=== Prompt ===
Beneath this sentence is a listing. Return its lines from the one containing "SO42 (aq) + 2 H20 ()" through the last, exactly, and omit the pictures.

=== Data records ===

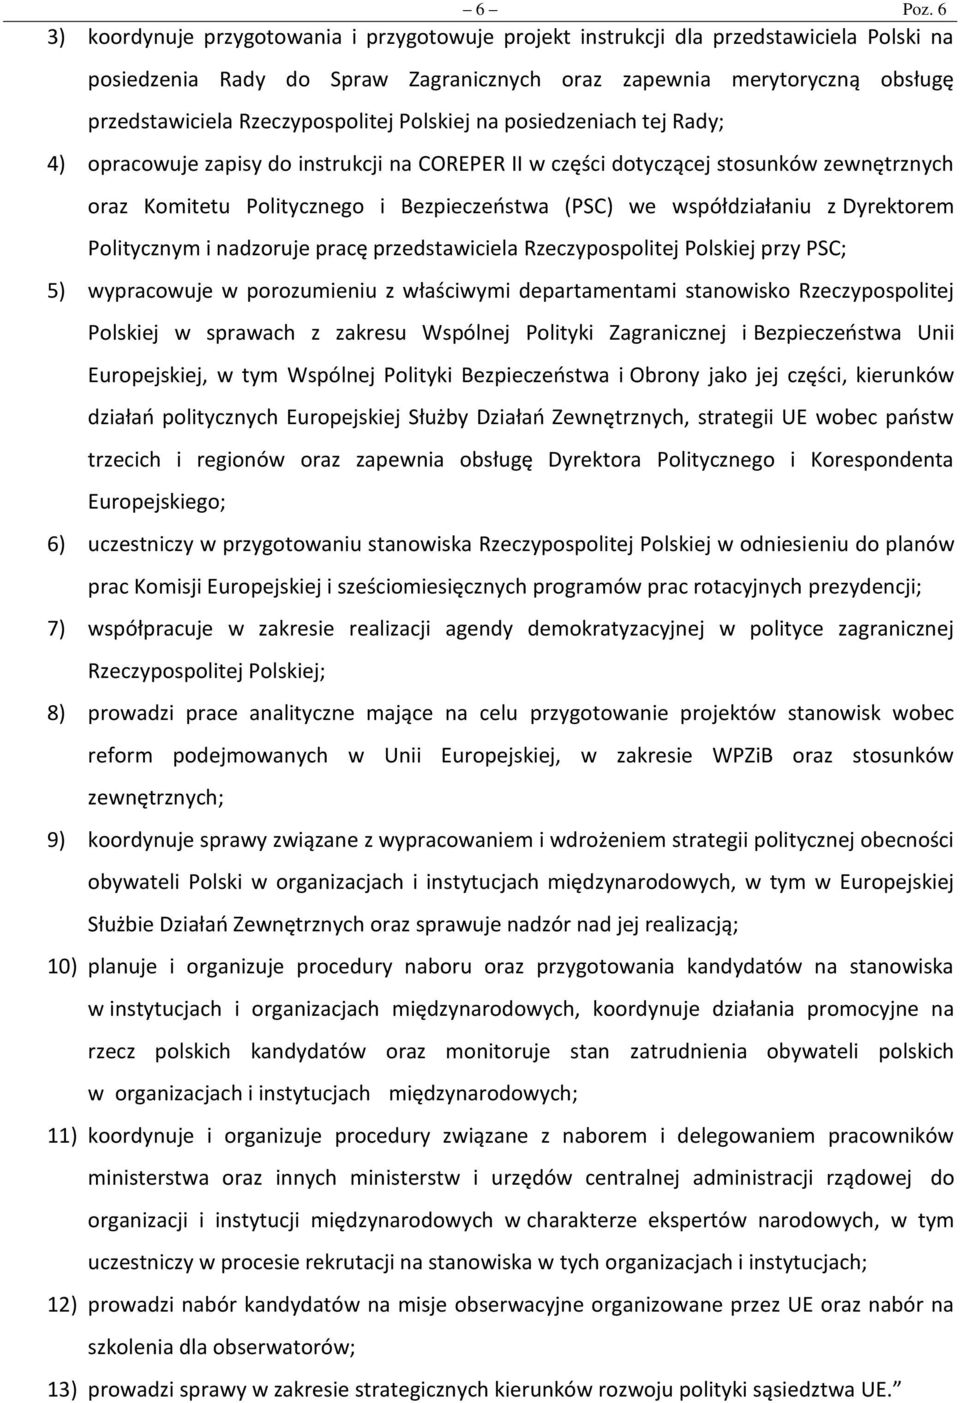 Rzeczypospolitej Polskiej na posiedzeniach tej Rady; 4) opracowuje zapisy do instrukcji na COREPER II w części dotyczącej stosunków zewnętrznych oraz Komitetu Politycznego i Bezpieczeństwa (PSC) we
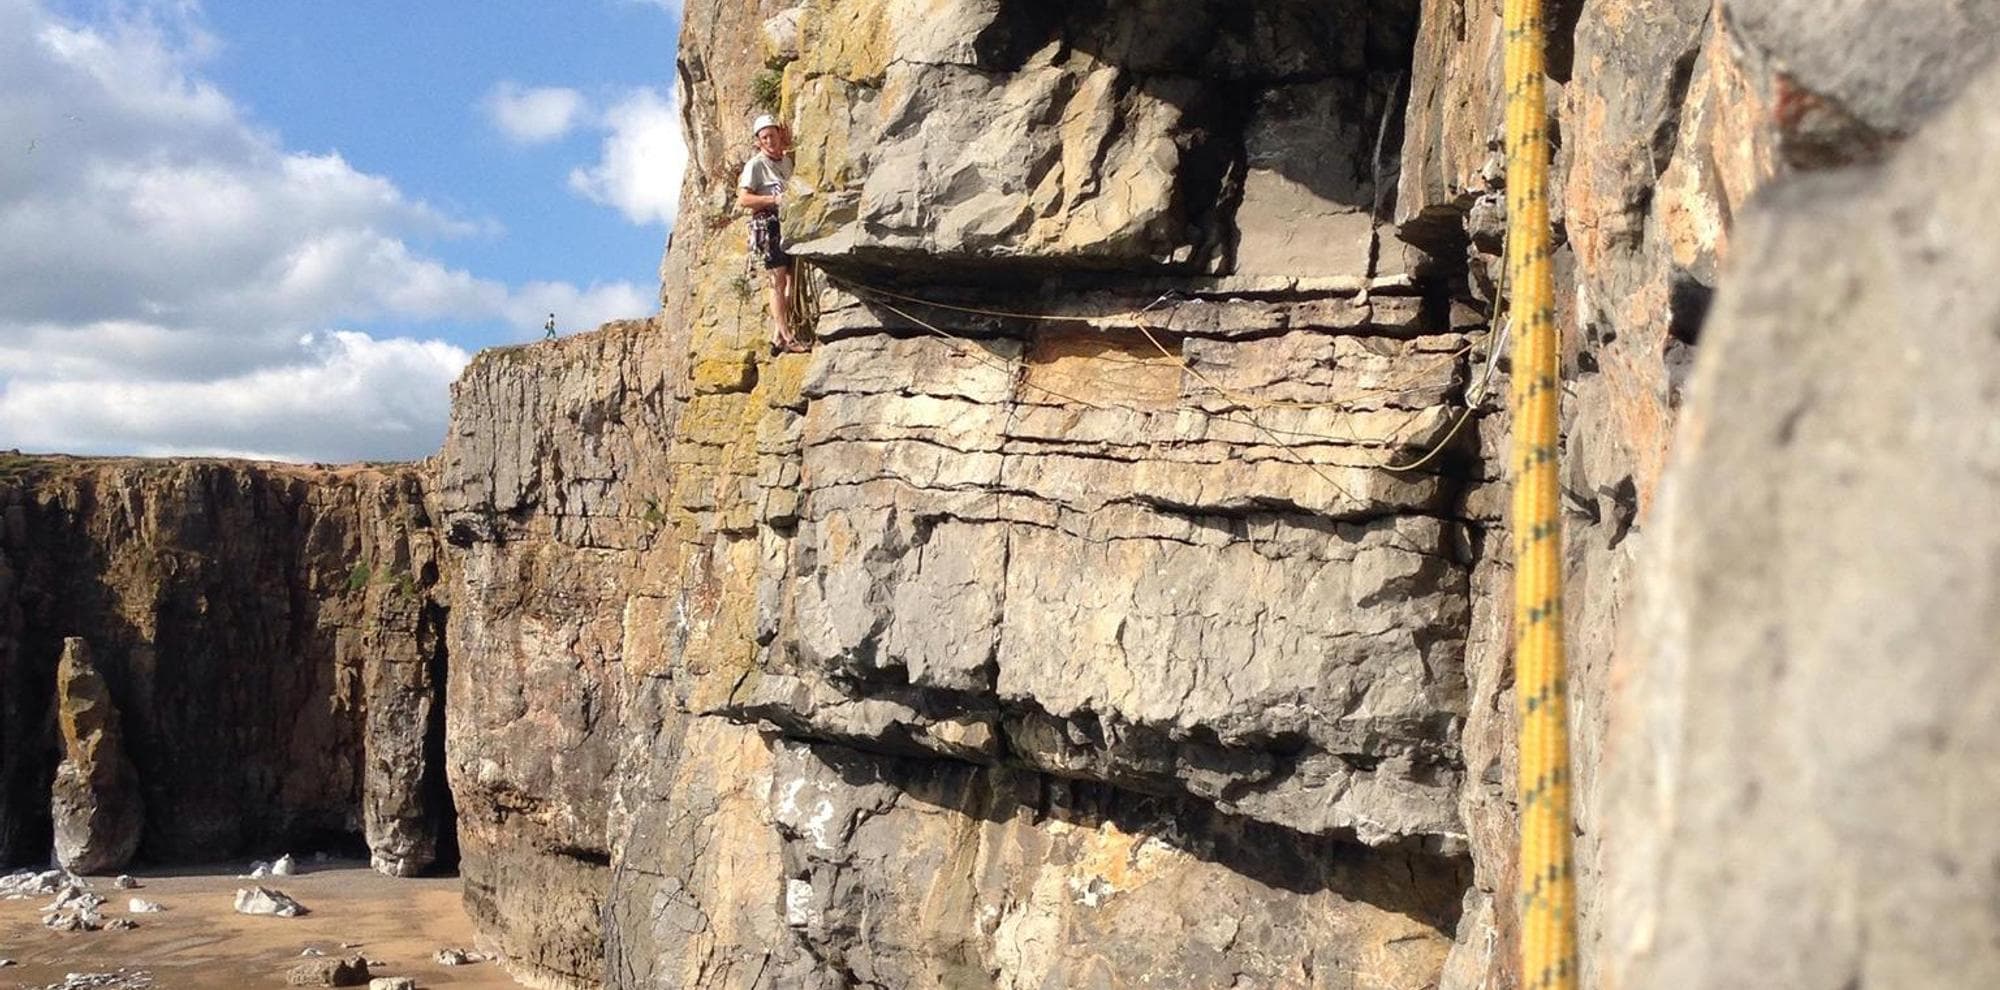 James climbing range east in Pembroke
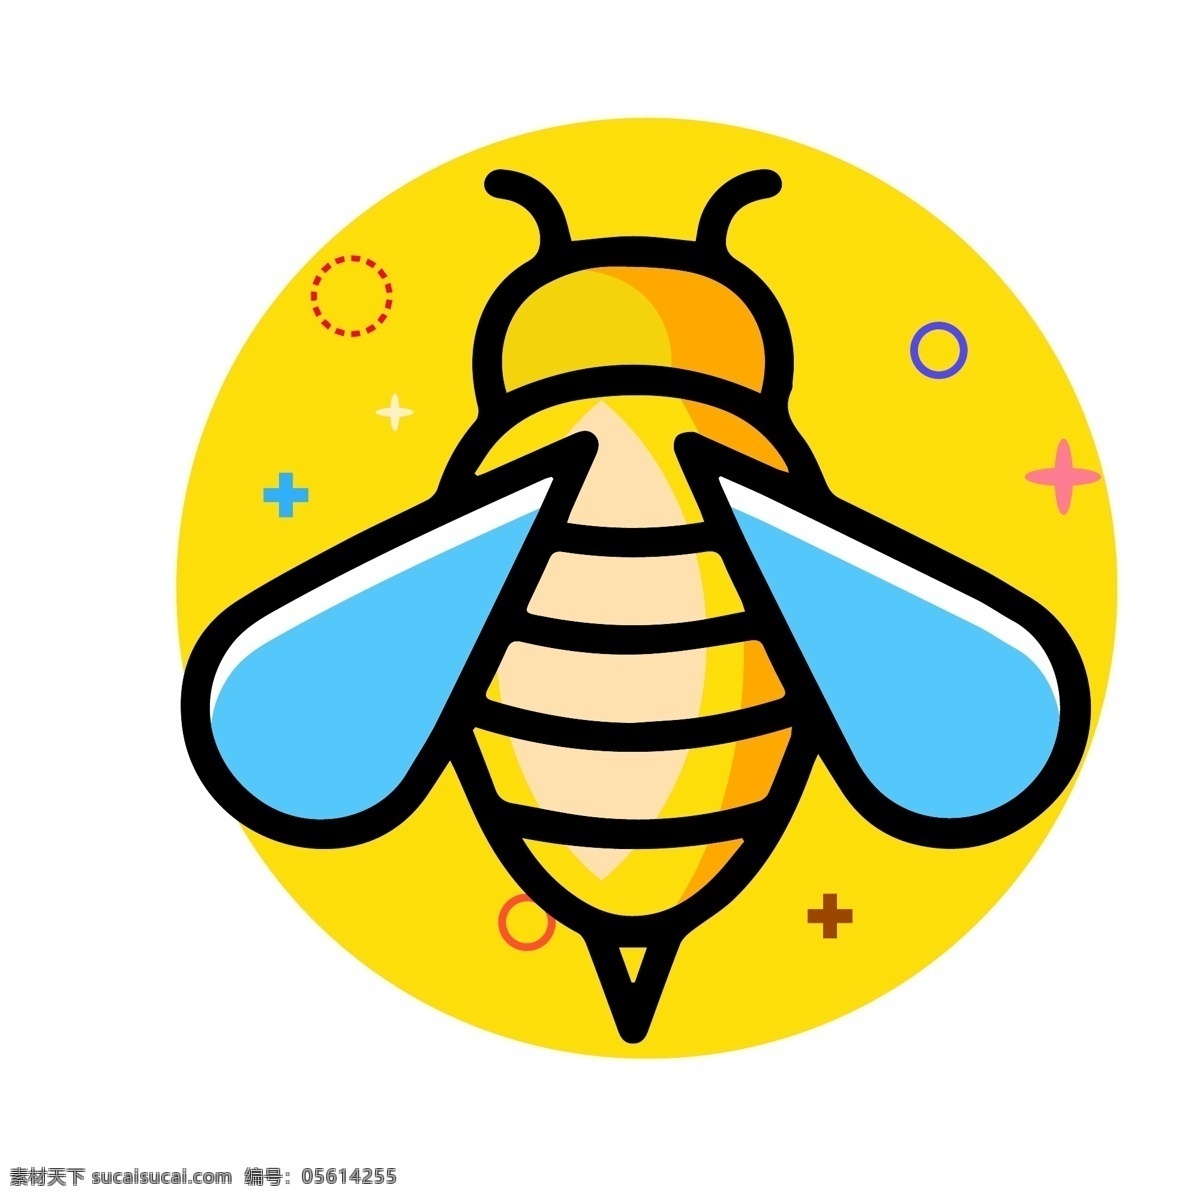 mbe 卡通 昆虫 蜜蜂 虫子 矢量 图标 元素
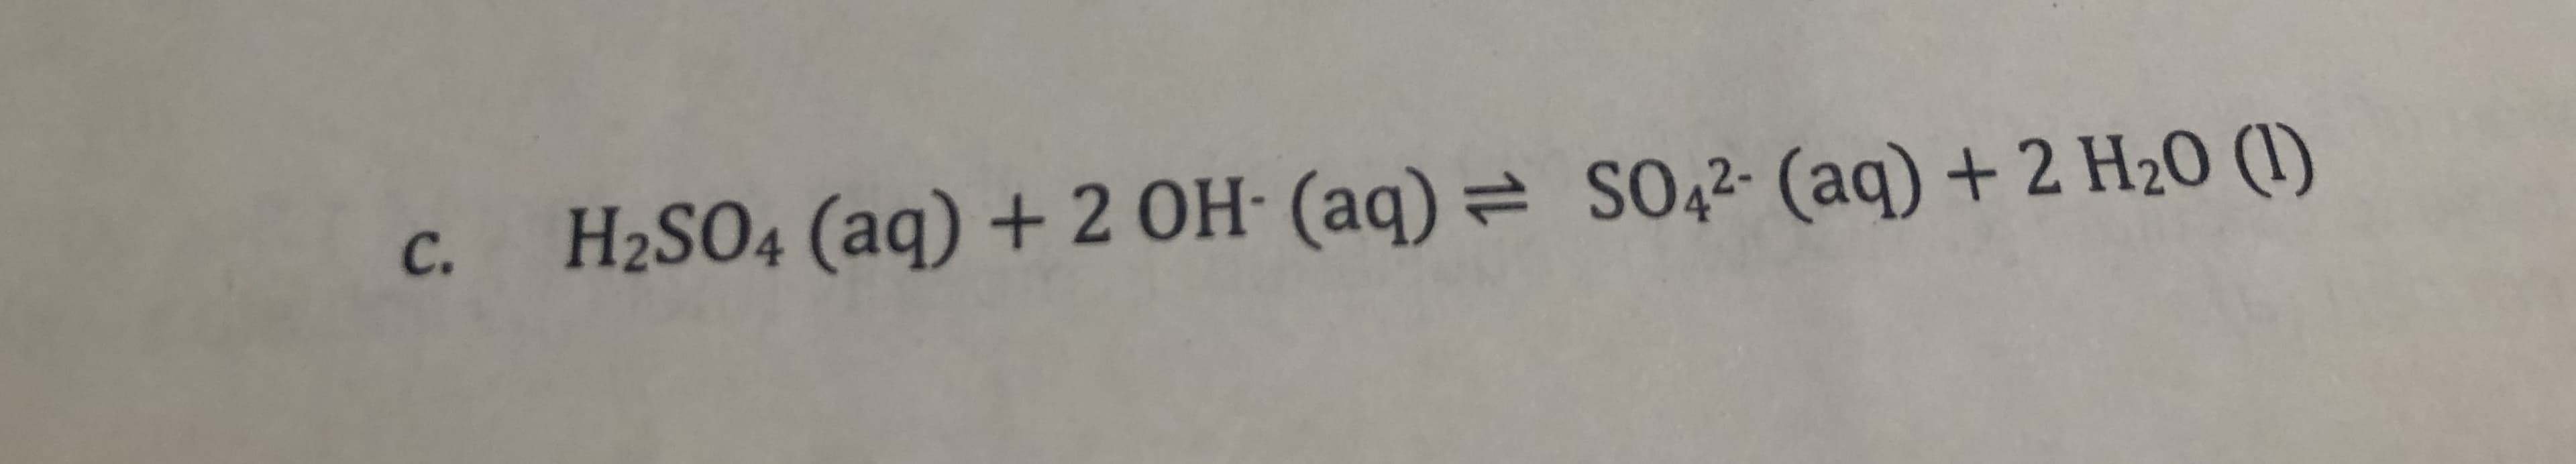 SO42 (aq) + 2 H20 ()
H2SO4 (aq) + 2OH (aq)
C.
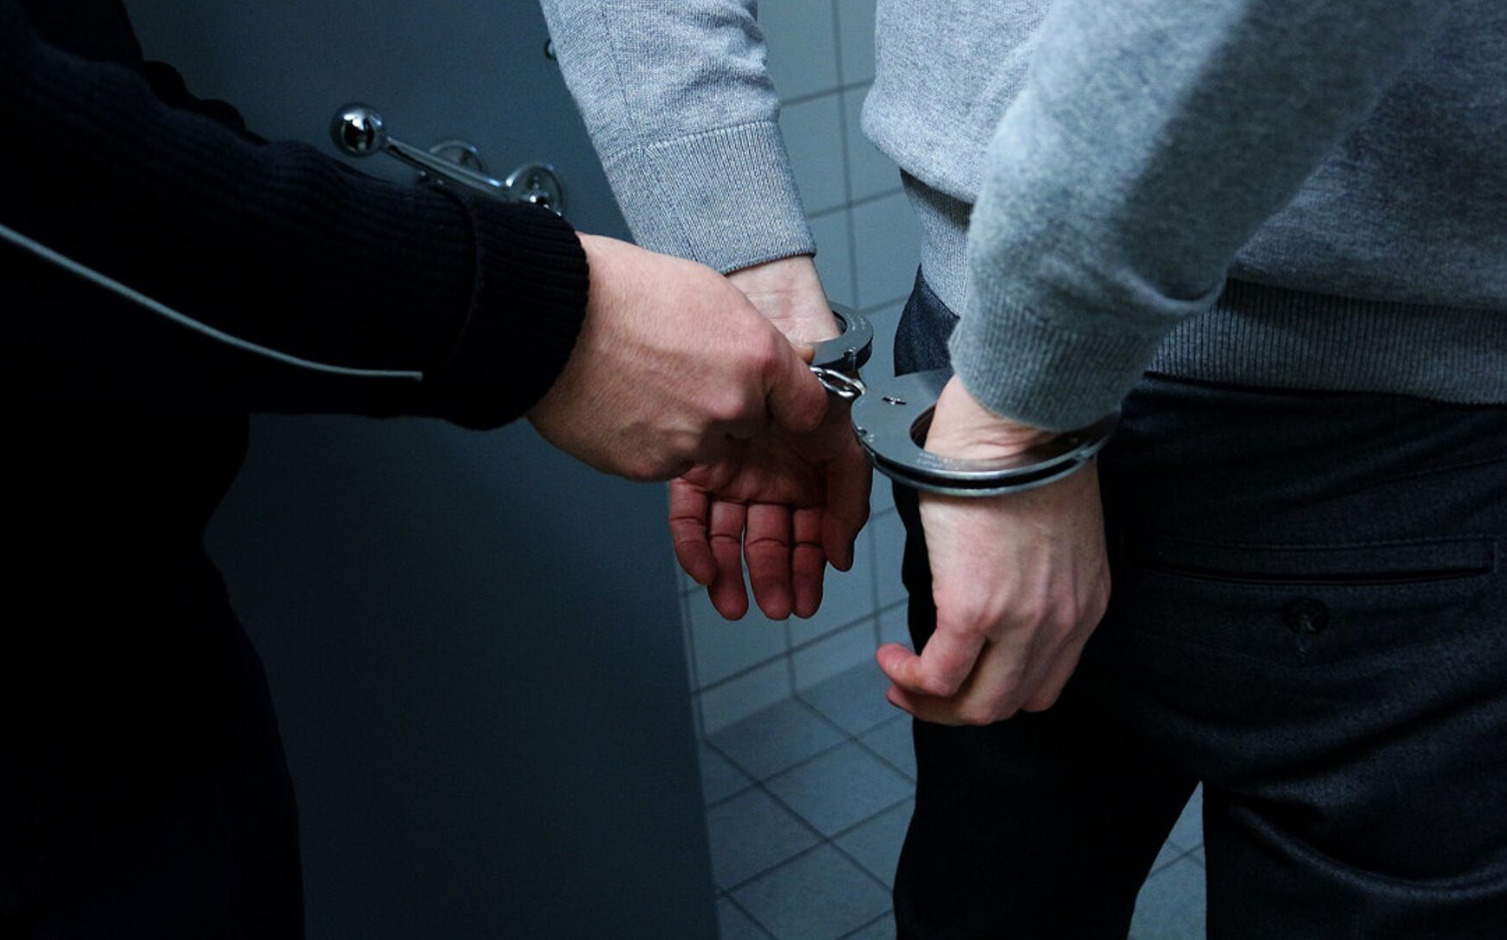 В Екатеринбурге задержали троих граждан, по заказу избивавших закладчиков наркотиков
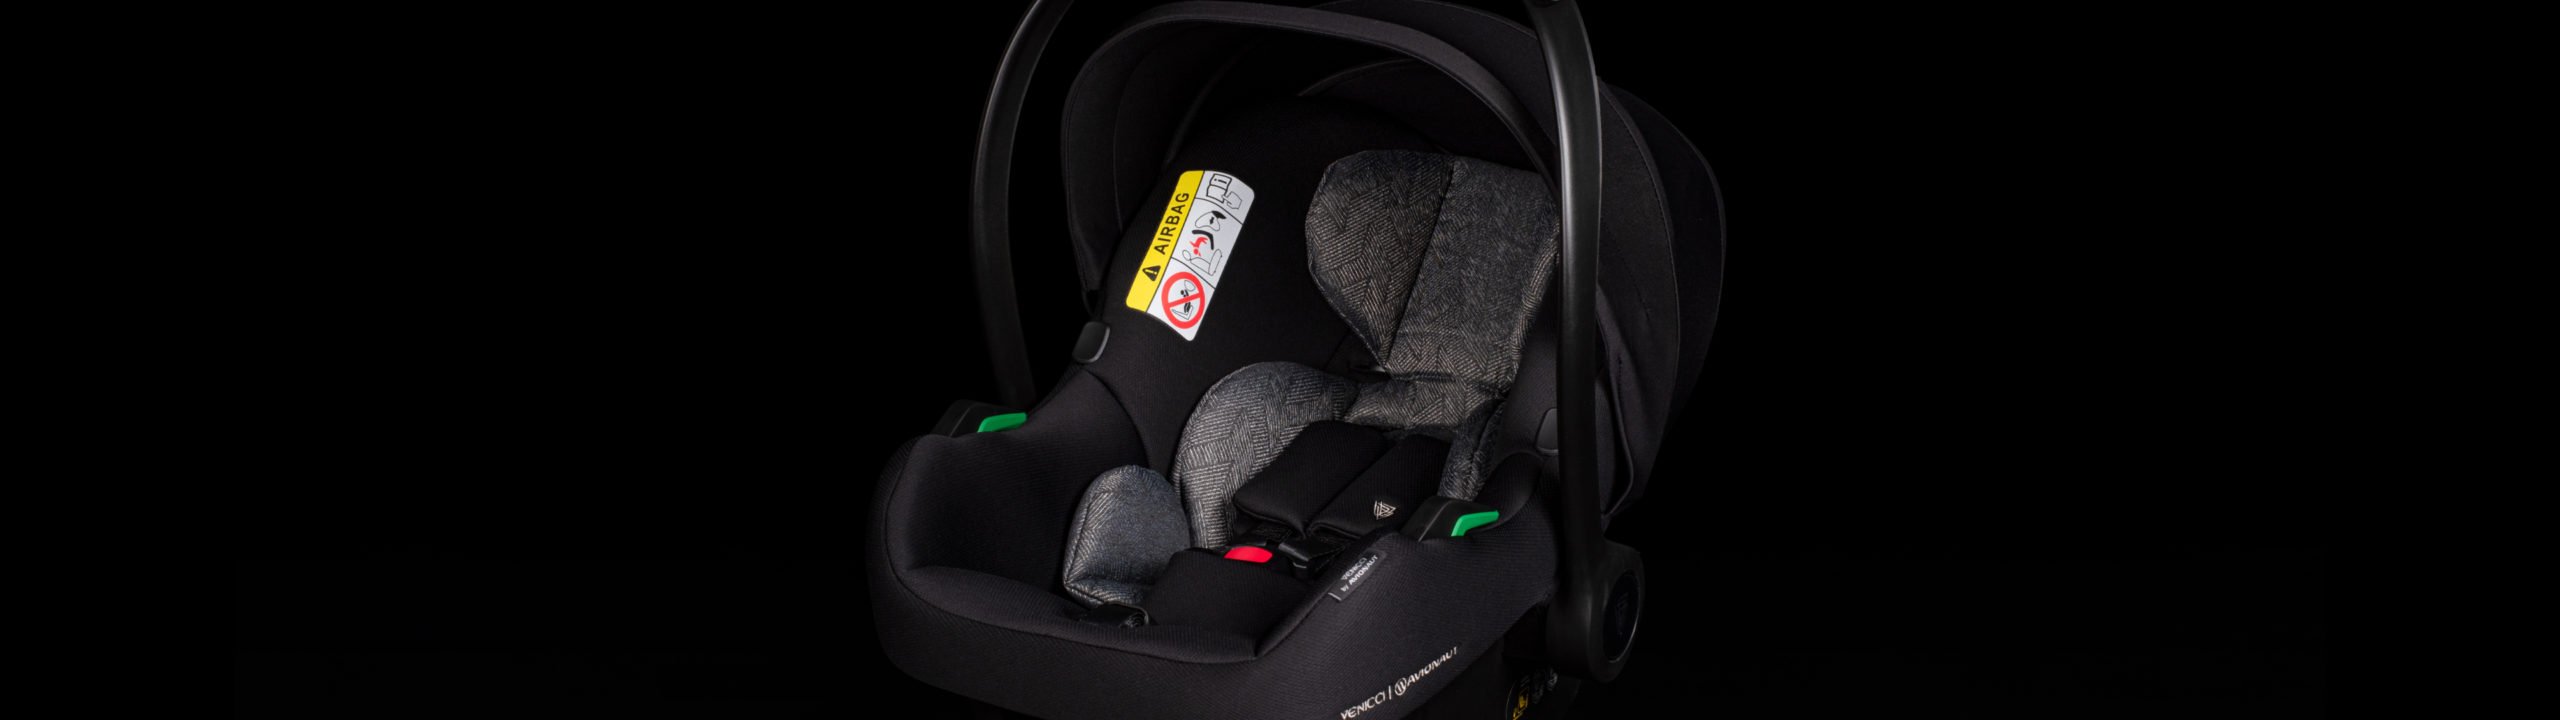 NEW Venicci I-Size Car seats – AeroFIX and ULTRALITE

=== Your response ===
 SO42 (aq) + 2 H20 ()
H2SO4 (aq) + 2OH (aq)
C.
 В Екатеринбурге задержали троих граждан, по заказу избивавших закладчиков наркотиков
 NEW Venicci I-Size Car seats – AeroFIX and ULTRALITE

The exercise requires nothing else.